AAAAAAAAAAaaaaaaaaaaaaaaaaaaa -
I said that out loud, didn't I?
no subject
no subject
no subject
I will admit that I'd have a brief scream, though, if my own HD, that of our home server, and all the Noises folders on my phones died in one go, because sometimes hearing things aloud or via headphones is even better than hearing them internally via my mePod. Which leads me to mention that I recently snaffled a RL friend's entire Beatles CD collection - guiltlessly, as I already bought multiple copies of every album back in Ago, even in the band's latter days when various Team Beatles folk gave me industry freebies - and have discovered entire new realms of audiobits that one could never hear clearly via radio or home system... and dayum, nothing there has lost even the most infinitesimal scrap of gorgeousness. Their music truly does have a magic that never existed before them and has never been surpassed since, and it's so good to know that Beatles fans continue to spontaneously generate; said friend only recently turned 30 and he is well acquainted with Beatles fans who are young enough to be his own children...
no subject
Right now, we're dealing with something much more immediately sorrowful. It's become clear to us this afternoon that the oldest of our three cats, Alex, can't last much longer - as in probably a matter of days, and maybe only 1 or 2. We will not put him through the stress of being put into a cat carrier and taken to a vet, so I've just spent the last half hour reseaerching vets who do in-home euthanasia.
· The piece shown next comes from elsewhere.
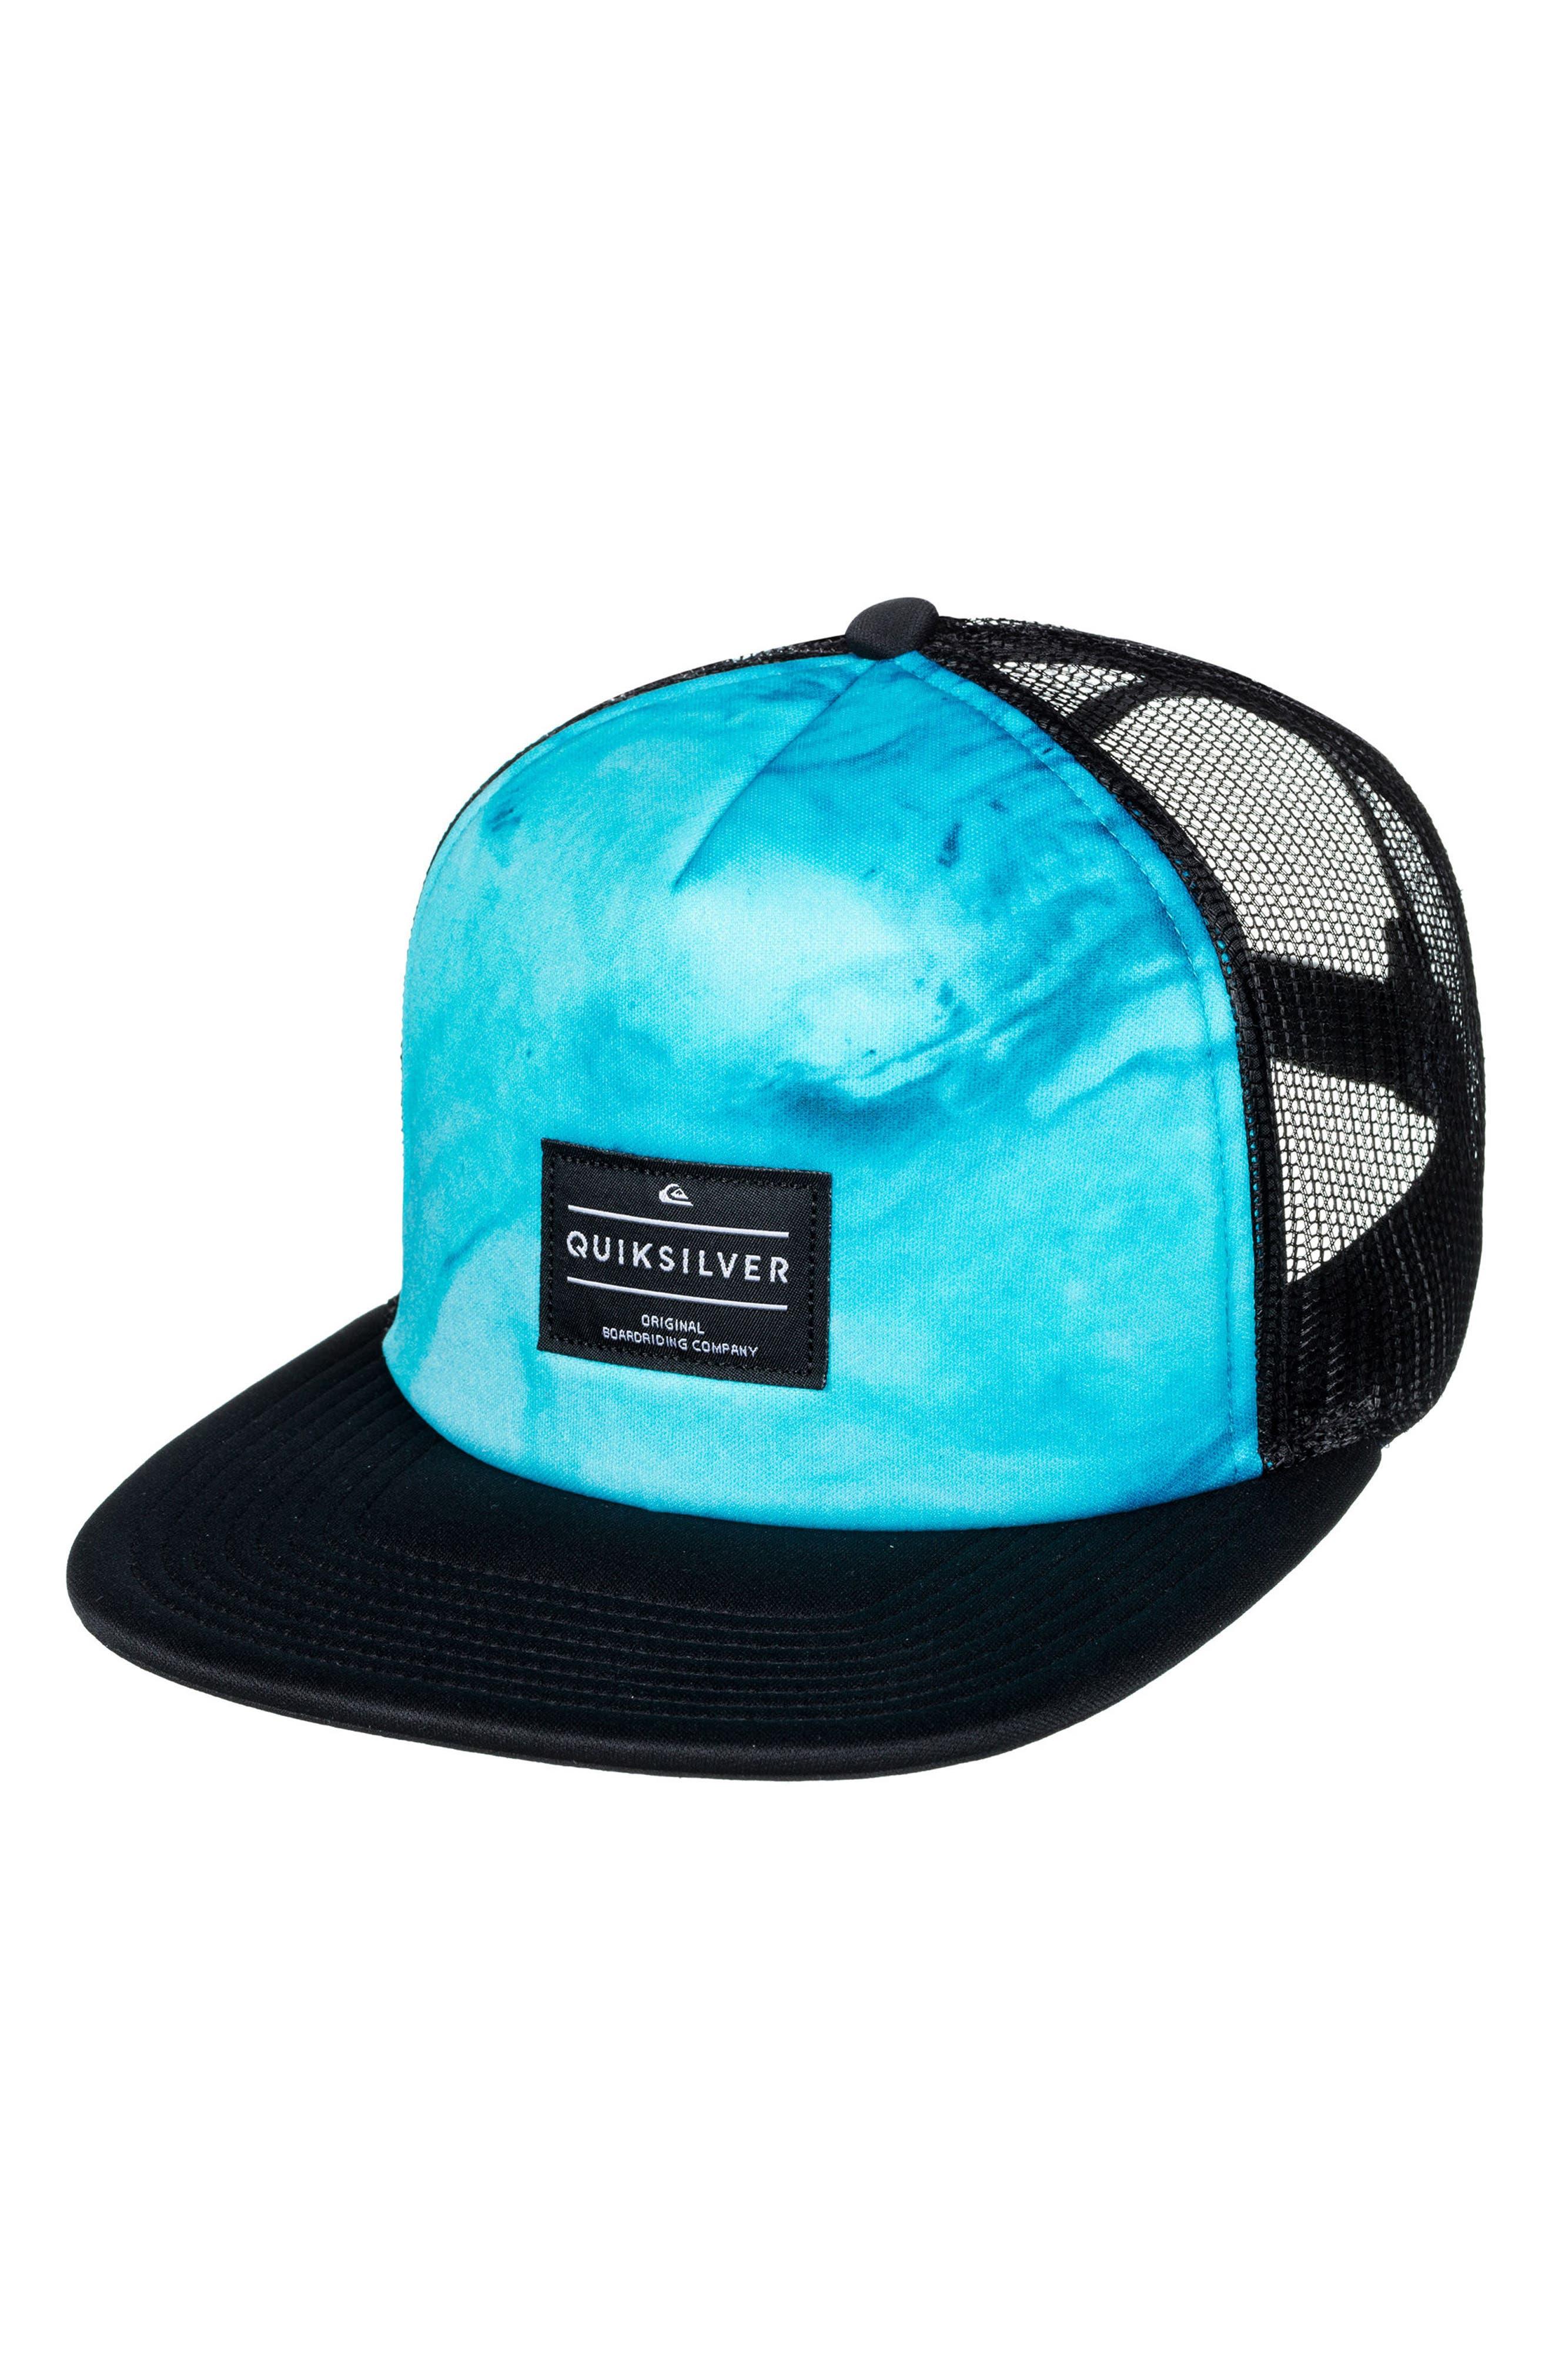 Brissells Snapback Trucker Hat,                         Main,                         color, Black

Puts the loss of television shows into perspective.
no subject
When my most beloved of dogs, who had shared all his seventeen years with us, had gone downhill to the point of wanting to leave - and oh yes, he did let us know - we took him to our vet, who was a friend of his and of ours, for a gentle death. And when the time came to start the wind-down process, I couldn't face it and had to go wait in the reception room while my then-husband and my eldest brother stayed. And do you know what happened? My most beloved of dogs fought the anaesthetic, and fought it, and fought it until he did the one thing he'd never done in all his years, the one thing we used to tease him about never doing: he howled. He howled a primal howl, and I ran back inn - and even though he had been blind for months, the moment I entered the room again he stopped howling and raised his head to me. And I held him and stroked his head, and then he licked the flood of tears on my face and sighed a parting sigh, because he'd said his goodbye to me and was ready then to die and this time it was all right for me to go and wait outside while my men held him until his heart stopped beating and he was all gone.
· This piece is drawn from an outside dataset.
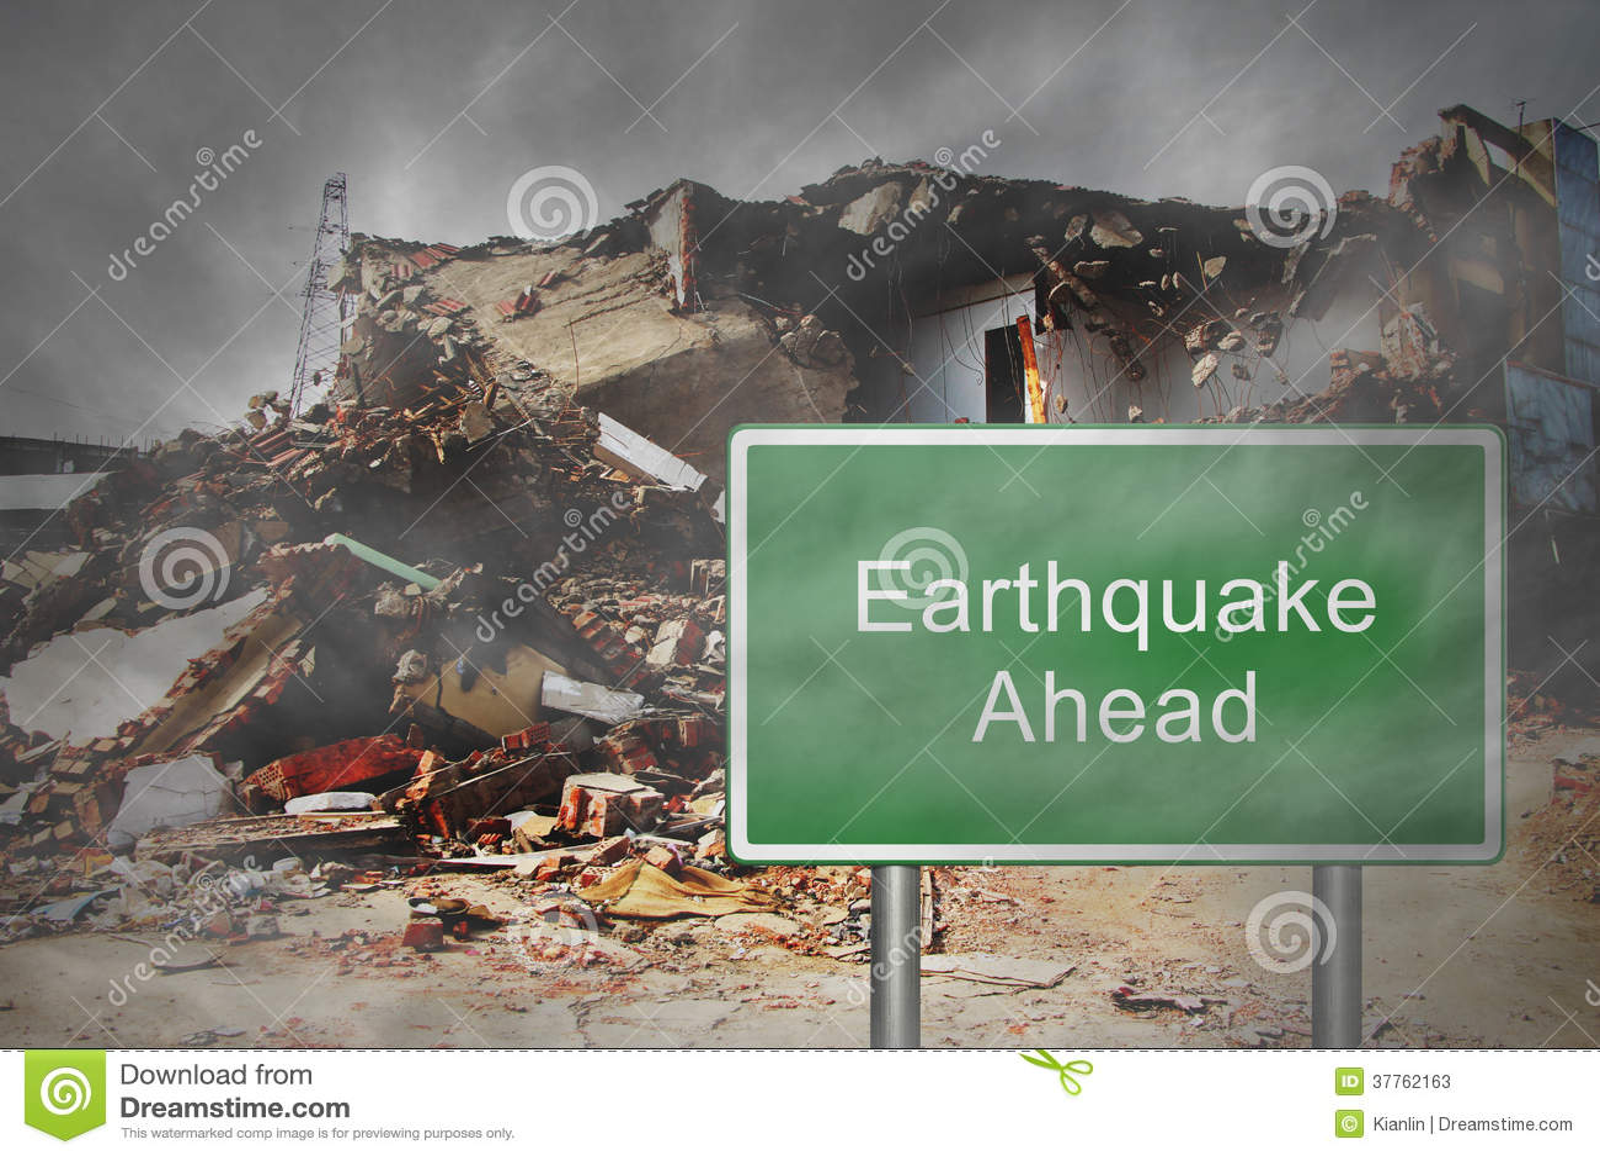 Earthquake Ahead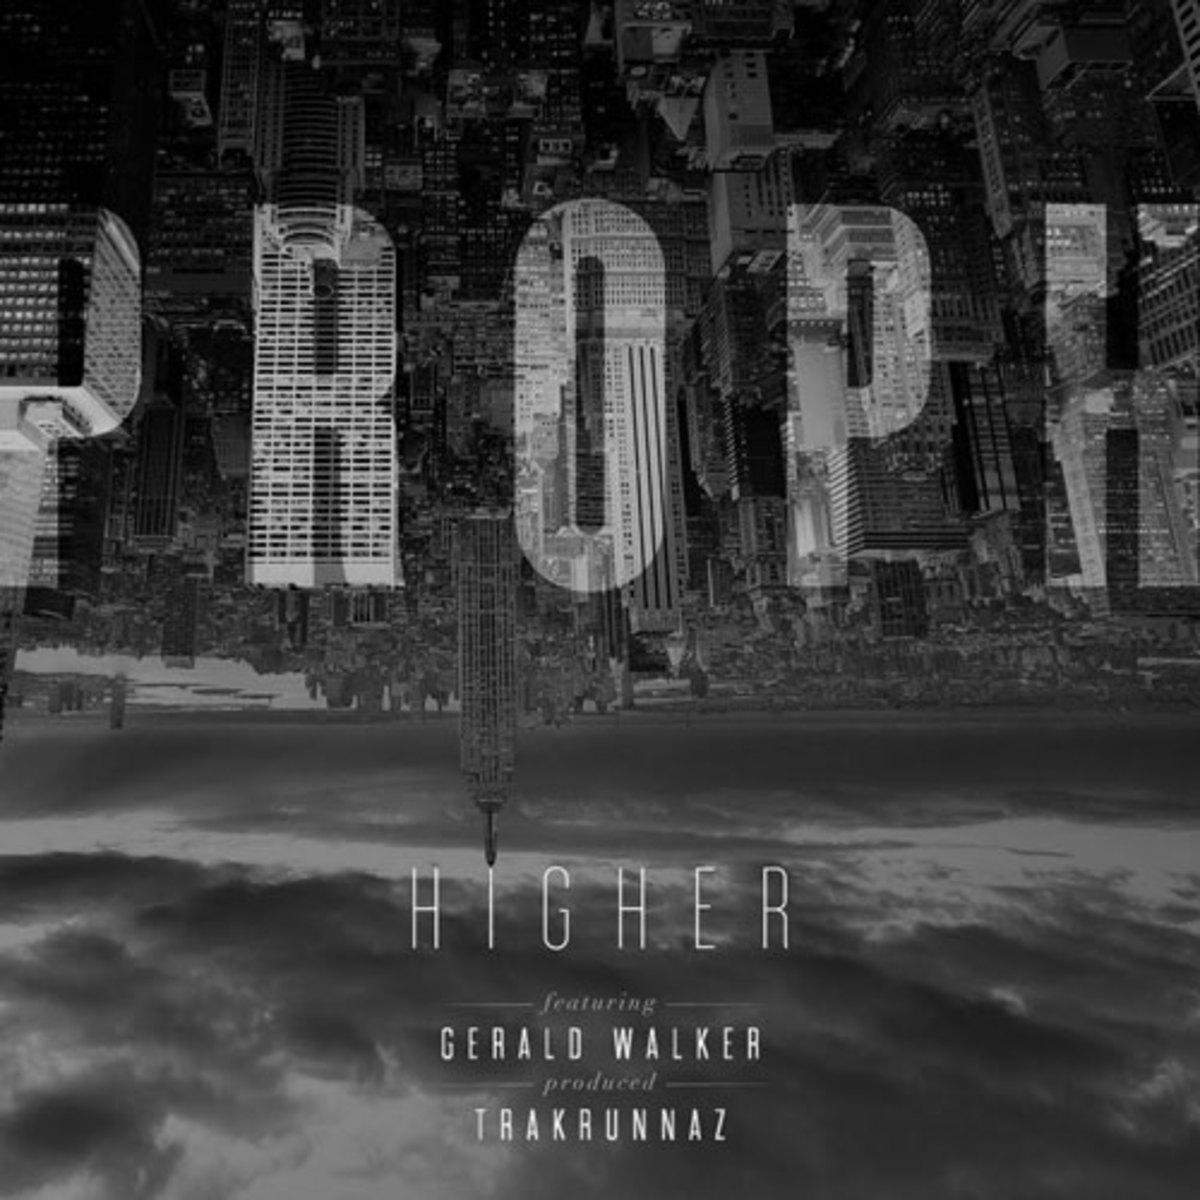 proph-higher.jpg

And the name of my most beloved of dogs, still loved and missed by us all forty years later (to the month)?
Alex.
No, really.
x x x
no subject
He almost didn't make it through the night, but he rallied. Alex's manumission arrives today at noon. And then I shall have to take care of BB, because Alex became BB's cat, and he is being torn apart by this. Me, I've cried, and will cry again, but I can get through it.
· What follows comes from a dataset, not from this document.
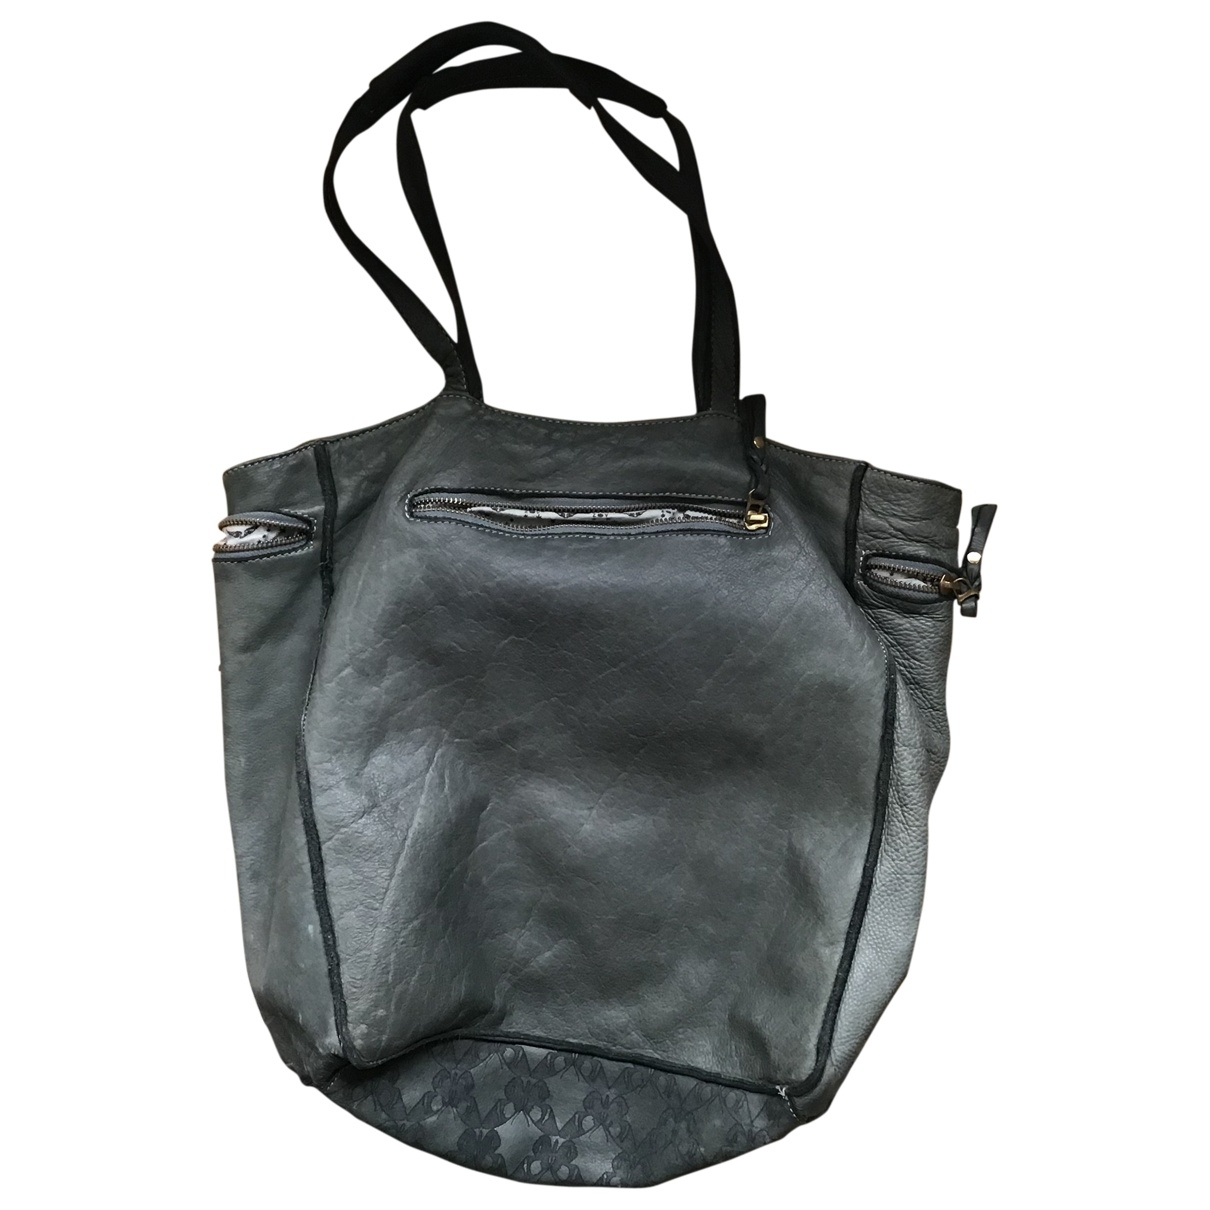 Zadig & Voltaire \N Khaki Leather handbag for Women \N

(In an echo of the story of your Alex; long ago, we had a cat named Finnegan, who had cancer. We had a vet come in, and give her the initial sedative. She got up and walked around, spooking the vet until we had to calm him down, so that he could administer another shot. She was beautiful - spiky in her affections, fiercely independent, and we thought it was the best way for her to go out, on her own terms, and discomfiting a human.)
no subject
I also didn't mention, over in the other post, that my Alex was an Alexander too. But of course we only used his full name when he'd done something naughty :-)
no subject
no subject
no subject
no subject
When BB had an external storage hard drive go bad a while back, he was able to recover something like 80 percent of it over the space of a week, by wrapping the drive up and putting it in the freezer, pulling it out and off-loading onto a new external drive until the thing heated up and seized again; then it was back to the freezer for another 12 hours or so, lather, rinse, repeat. But this is completely different.